Union générale
- Company type: Privately held company
- Industry: Banking and Finance
- Founded: 1875
- Founder: Paul Eugène Bontoux
- Defunct: January 1, 1882

= Union Générale =

French Catholic bank

The General Union (Union générale) was a French Catholic bank founded in Lyon in 1875 by Catholic monarchists and then taken over in 1878 by Paul Eugène Bontoux. It went bankrupt in a resounding manner in 1882, during the stock market crash.

== History ==
In 1878, Paul Eugène Bontoux, former head of department of de Rothschild Frères, general counsel for Hautes-Alpes who had just been invalidated in the legislative elections of 1877 in Gap for vote fraud, former director of railway companies (the Staatsbahn  (de) and the Südbahn) and who in 1874 successfully launched a loan on the public markets for lignite operations in Austria, took over the management of the General Union founded in 1875 in Lyon by a group of Catholic and monarchist bankers and who is in trouble.

The Bank was officially created on June 3, 1878. The initial capital was to be 25 million francs, an amount which was immediately increased to 50 million francs. The bank met with great success in Catholic and Legitimist circles and obtained the support of the Count of Chambord, pretender to the throne of France. The bank grew rapidly by multiplying redemptions and risky investments, particularly in the regions of Central and Danubian Europe. In particular, it financed and built the first railway in Serbia. It acquired insurance companies, created the Lyons Water and Lighting Company and financed operations in North Africa and Egypt with other banks while speculating on the stock market.

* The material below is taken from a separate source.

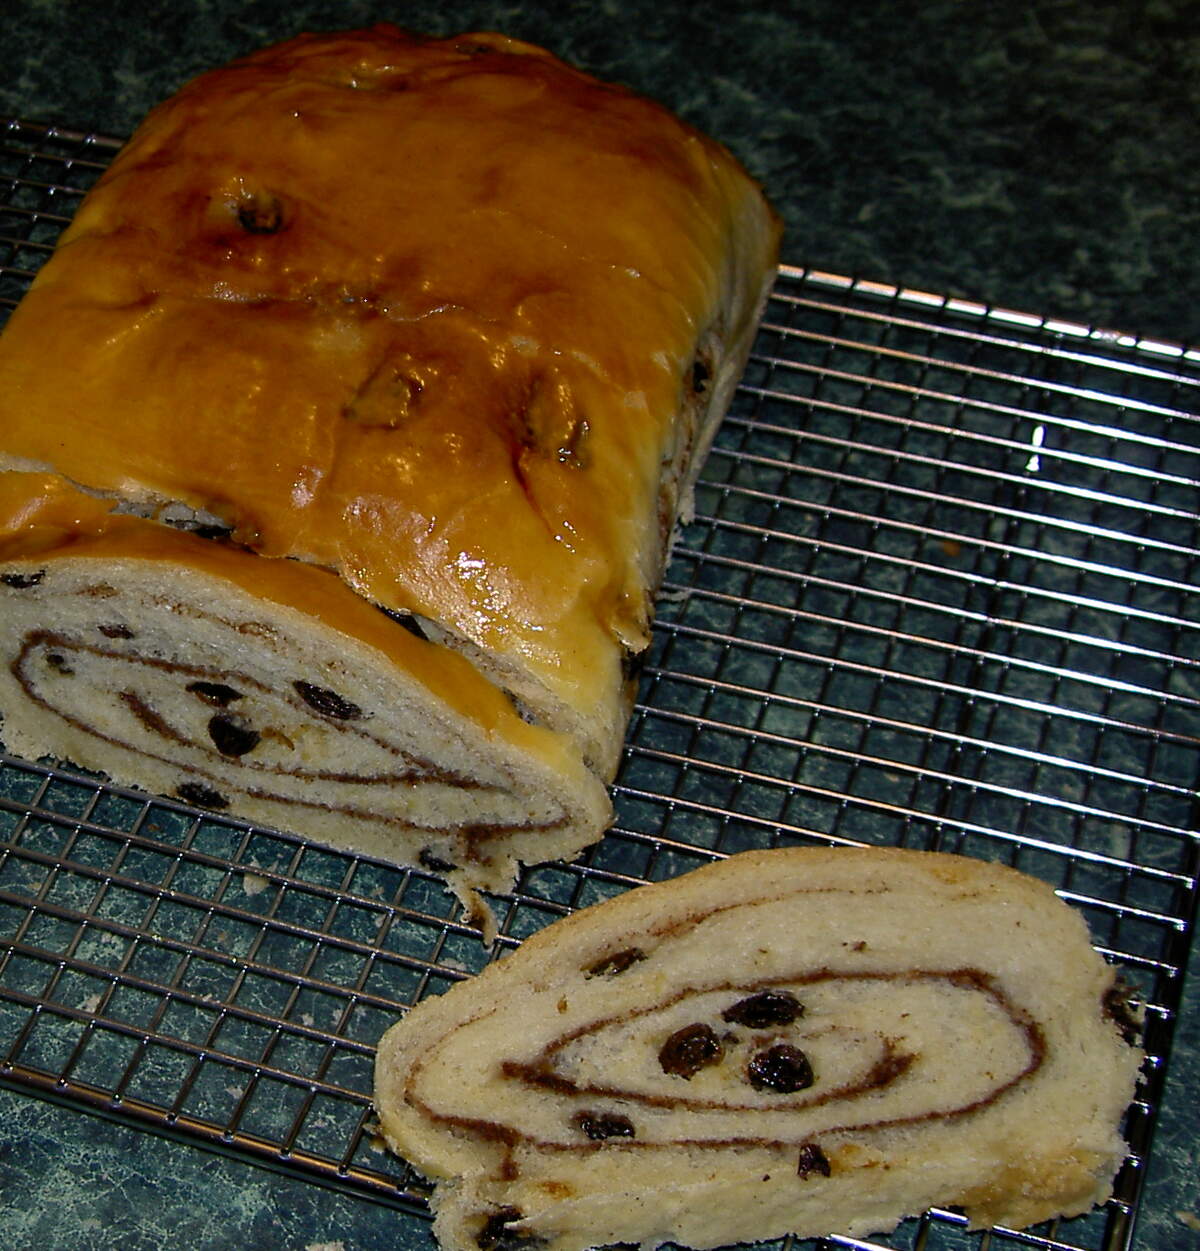 Image for National Cinnamon Raisin Bread Day
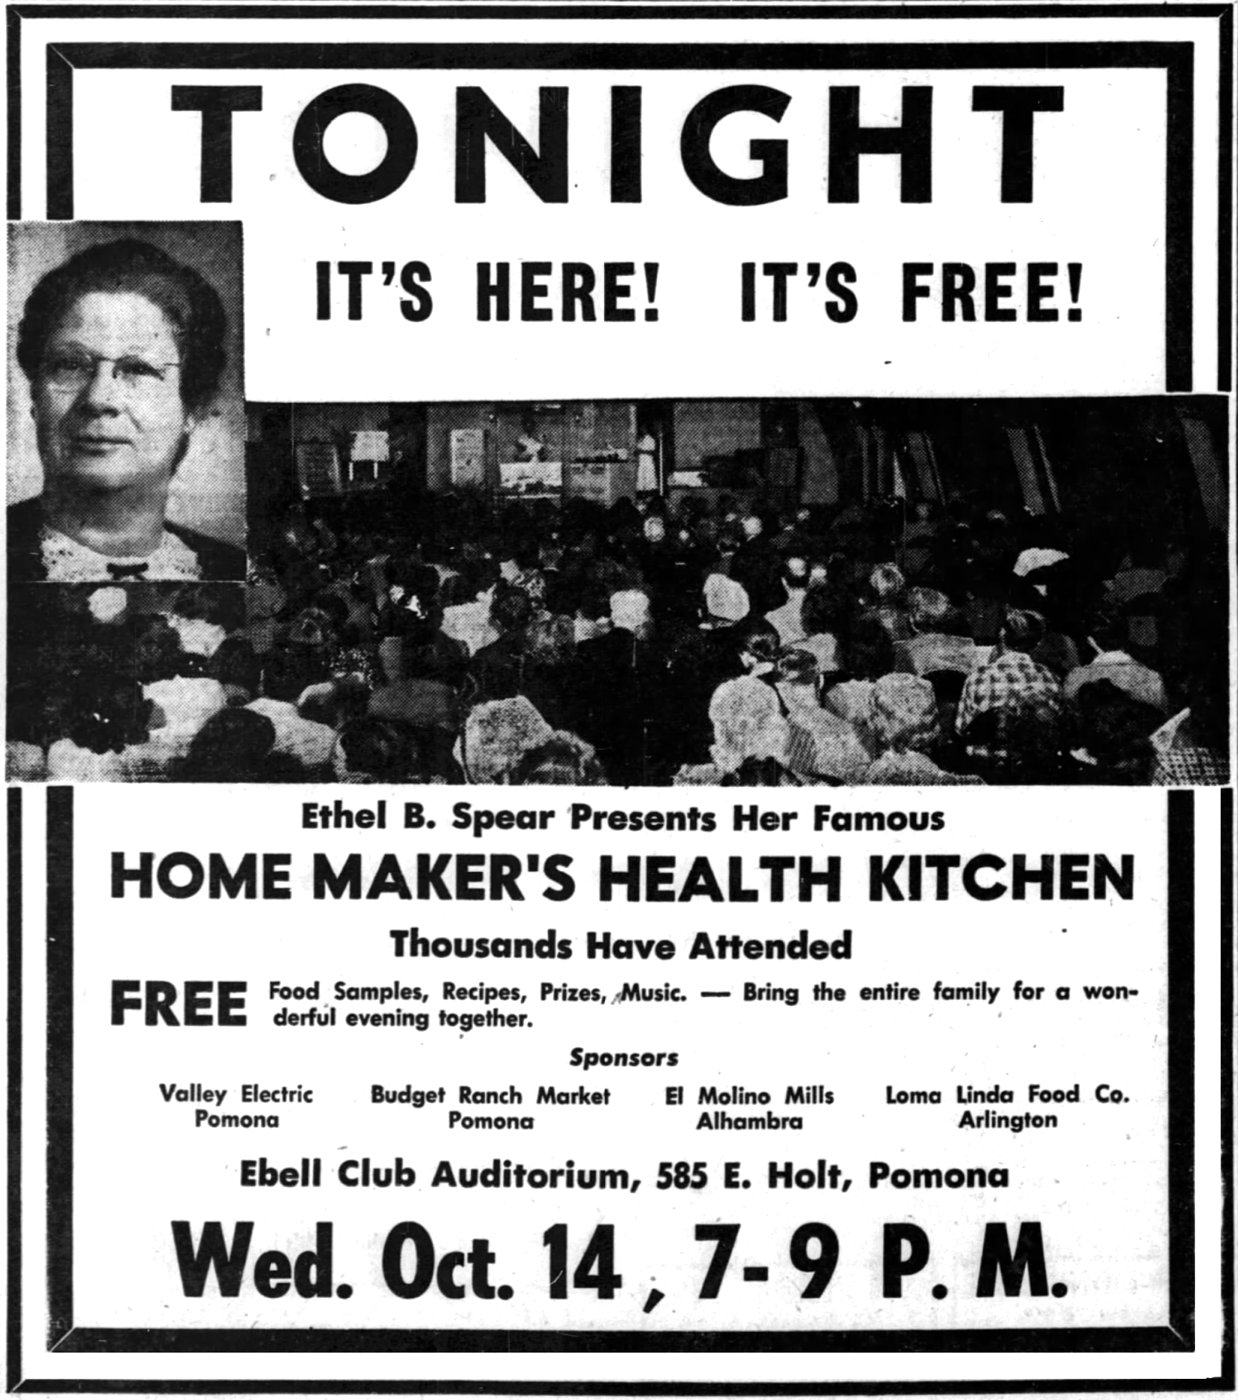 Ethel B. Spear Presents: Ethel B. Spear Presents Her Famous Home Maker’s Health Kitchen. Pomona Progress Bulletin, October 14, 1953.; El Molino Mills; Ethel B. Spear

In January 1882 the company was forced to suspend its payments and eventually collapse. On January 19, 4 billion francs is wasted, a considerable amount at that time. This was the first “big puff” in contemporary financial history.

In 1882, resulting from overcapitalization of securities (the Stock Exchange had more securities than it could receive), poor financial management (buyout by the company of its own shares, etc.) and a struggle between "bears" (notably, Rothschilds) and "bulls", mixing politics, religion and finance, the General Union collapsed. This resulted in the bankruptcy of many stockbrokers near the Lyon Stock Exchange and also had repercussions on the Paris Stock Exchange (Paris Bourse crash of 1882). In January 1882, Bontoux was arrested and spent several months in prison. Feder and Bontoux were sentenced to five years in prison. A small group of major financiers, including Moïse de Camondo, Louis Cahen d'Anvers, Rothschild and the Banque de Paris et des Pays-Bas, organized the rescue of the banks caught in the crisis, by setting up a special fund of 20 million francs.

The crisis of several years which followed mainly affected mines, metallurgy and the building industry, leading to a series of unemployment and violent social conflicts, including in 1884 "the great miners' strike", and in Decazeville. The crash of the Union Générale led to criticism of stock-trading (manoeuvres aimed at manipulating stock prices). It was regarded by his contemporaries as the result of a political struggle between the conservative and legitimist right (Bontoux had made this bank the bank for the conservatives: it notably had many clergymen among its shareholders) and the liberal left.